Have a question about this project? Sign up for a free GitHub account to open an issue and contact its maintainers and the community.

By clicking “Sign up for GitHub”, you agree to our terms of service and privacy statement. We’ll occasionally send you account related emails.

Already on GitHub? Sign in to your account

Error while dialing dial tcp 127.0.0.1:2399: connect: connection refused #4728

Closed
moschlar opened this issue Dec 13, 2021 · 5 comments
Closed

Comments

@moschlar
Copy link

Environmental Info:
K3s Version:
k3s version v1.21.7+k3s1 (ac70570)
go version go1.16.10

Node(s) CPU architecture, OS, and Version:

Linux rancher-02 4.19.0-18-amd64 #1 SMP Debian 4.19.208-1 (2021-09-29) x86_64 GNU/Linux

Cluster Configuration:

2 servers, embedded etcd

Describe the bug:
Regularily seeing
{"level":"warn","ts":"2021-12-13T13:33:11.054+0100","caller":"grpclog/grpclog.go:60","msg":"grpc: addrConn.createTransport failed to connect to {http://127.0.0.1:2399 <nil> 0 <nil>}. Err :connection error: desc = \"transport: Error while dialing dial tcp 127.0.0.1:2399: connect: connection refused\". Reconnecting..."} in the k3s log.

@brandond
Copy link
Contributor

brandond commented Dec 13, 2021

Is this error preventing the node from starting up, or is it just filling the logs on an otherwise functional cluster member?

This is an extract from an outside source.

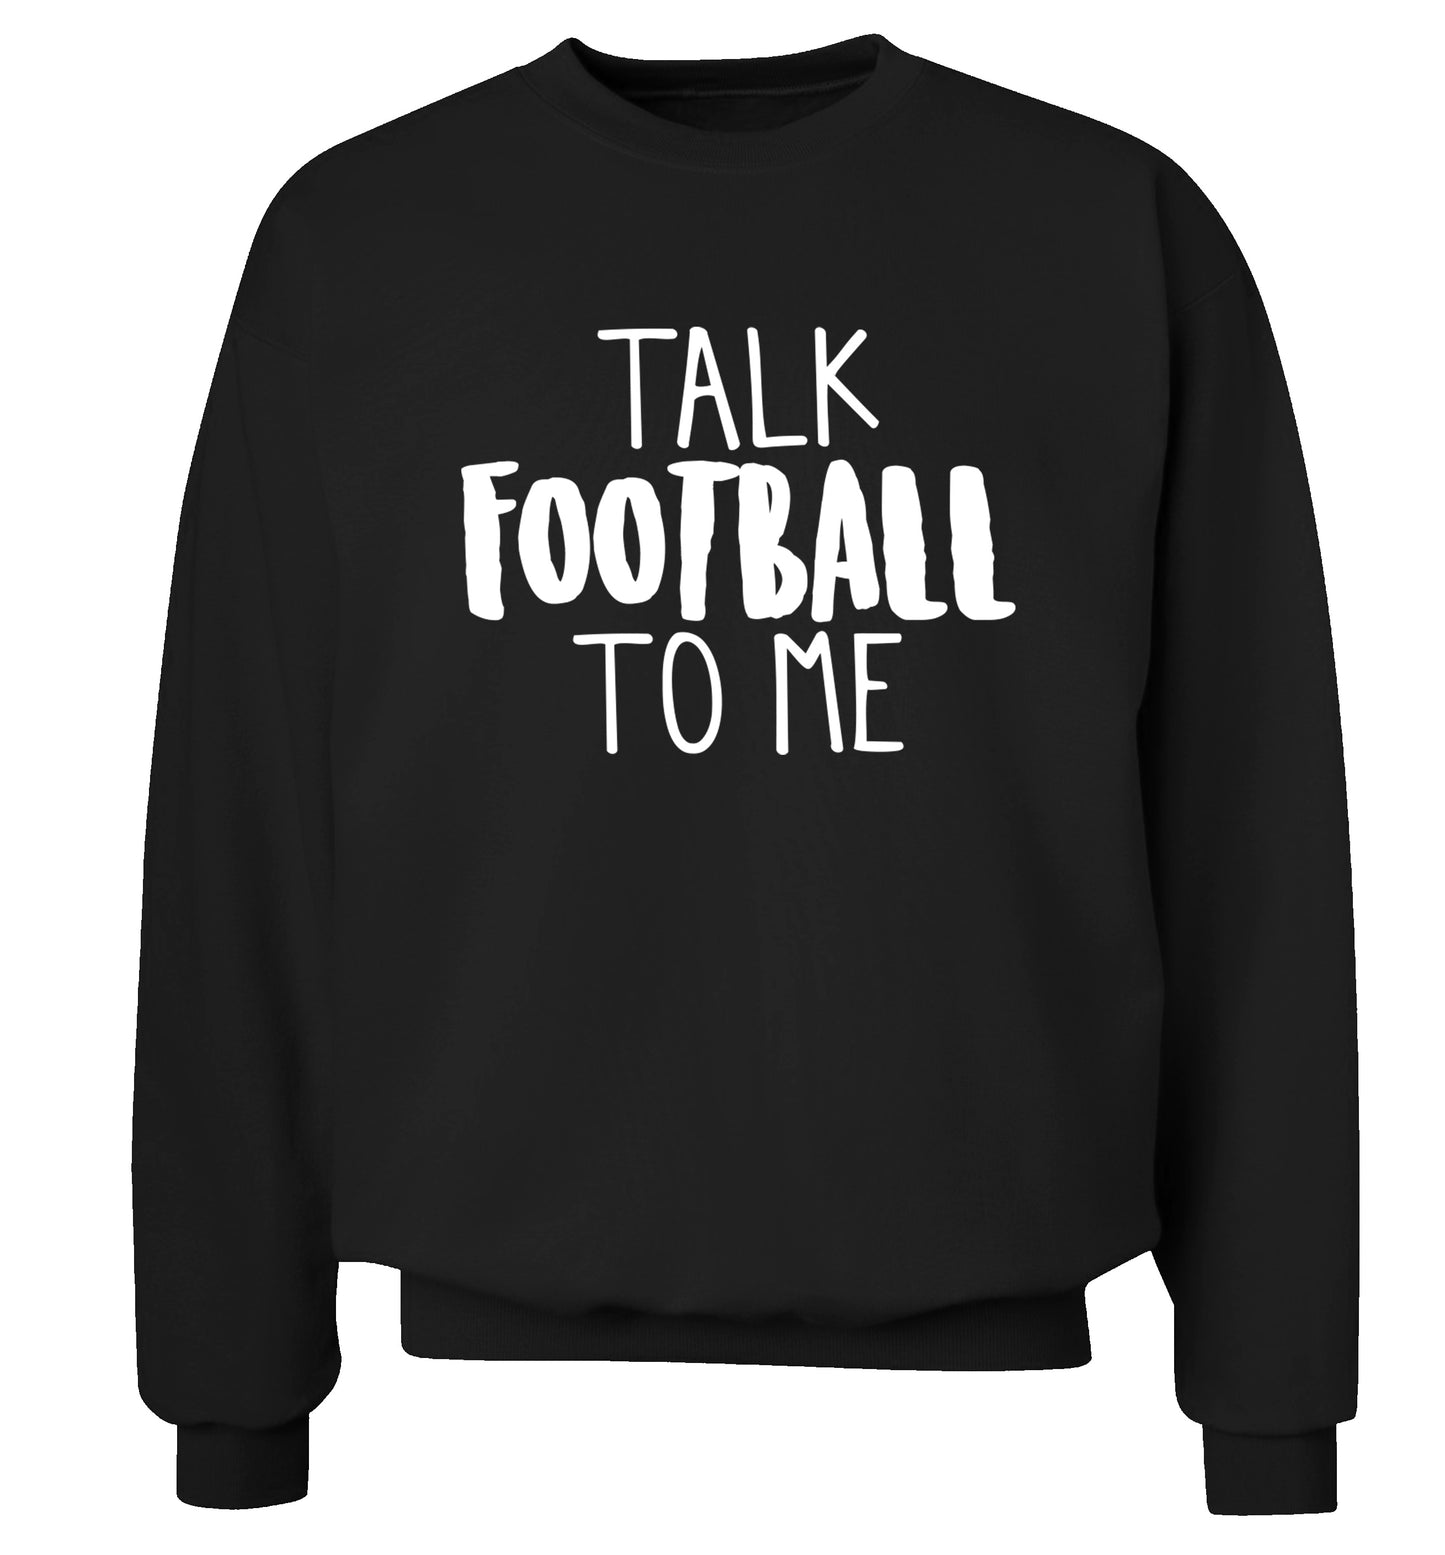 Talk football to me Adult's unisexblack Sweater 2XL

Note that 2 servers isn't a supported configuration when using etcd - you must have have an odd number in order to meet quorum requirements: https://etcd.io/docs/v3.5/faq/#why-an-odd-number-of-cluster-members

Can you confirm that you still run into this when using a supported number of servers?

cc @briandowns it looks like we might be leaking an etcd client somewhere? Assuming the cluster is working despite this message, it suggests that there's still a grpc client around trying to keepalive to the temporary etcd instance that gets set up to extract the bootstrap data.

@moschlar
Copy link
Author

Hi @brandond - thanks for your response!
(I know about the requirement for the odd number of nodes, this error just occured to me in the process of setting it up and I noted it at that stage).

The cluster is otherwise functional!

Now I have a 3 node cluster and the error is still regularly (roughly every two minutes) occurring on the node I bootstrapped first.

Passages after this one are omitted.